Lefebvre S, Bürglen L, Frézal J, Munnich A, Melki J
Unité de Recherches sur les Handicaps Génétiques de l'Enfant, INSERM U393, IFREM, Institut Necker, Hôpital des Enfants Malades, 149 rue de Sèvres, 75743 Paris cedex 15, France.
Hum Mol Genet. 1998;7(10):1531-6. doi: 10.1093/hmg/7.10.1531.
Childhood spinal muscular atrophy (SMA) is a common recessive autosomal disorder that results in degeneration of lower motor neurons. The identification of the disease gene, Survival of Motor Neuron (SMN), was a major advance in understanding the molecular basis underlying this devastating neuromuscular disease. This finding has greatly improved the genetic counselling of SMA families. Recently, biochemical studies demonstrated its involvement in the biogenesis of spliceosomal snRNPs, suggesting a critical role of SMN in RNA processing. Surprisingly, other studies showed a putative role of SMN in an anti-apoptotic pathway involving Bcl-2. The function of SMN protein is not fully understood. These observations emphasized the difficulty in elucidating the function of any novel protein. Therefore, multidisciplinary approaches are required to understand the pathogenesis of SMA.
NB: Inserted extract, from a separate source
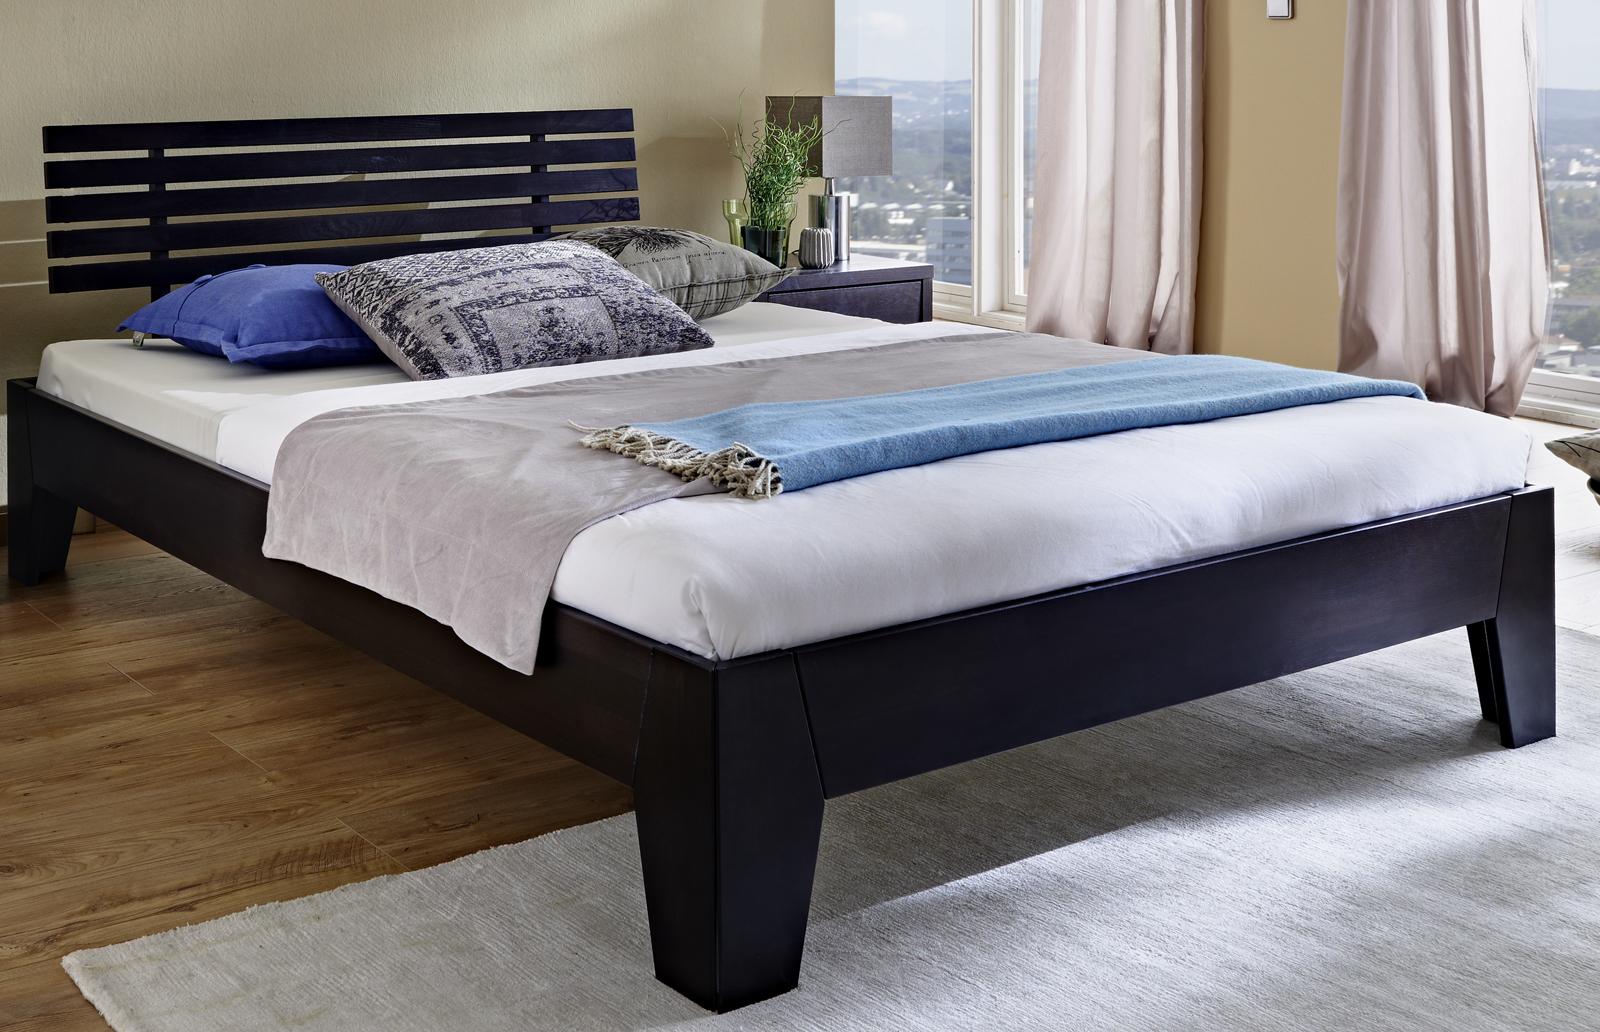 sam massivholzbett g nstig 180 x 200 cm buche massiv wenge bigoli. Black Bedroom Furniture Sets. Home Design Ideas

儿童脊髓性肌萎缩症(SMA)是一种常见的隐性常染色体疾病,会导致下运动神经元退化。疾病基因运动神经元存活蛋白(SMN)的鉴定是在理解这种毁灭性神经肌肉疾病的分子基础方面取得的一项重大进展。这一发现极大地改善了SMA家族的遗传咨询。最近,生化研究表明它参与剪接体小核核糖核蛋白(snRNP)的生物合成,提示SMN在RNA加工中起关键作用。令人惊讶的是,其他研究显示SMN在涉及Bcl-2的抗凋亡途径中可能发挥作用。SMN蛋白的功能尚未完全明了。这些观察结果凸显了阐明任何新蛋白功能的困难。因此,需要采用多学科方法来理解SMA的发病机制。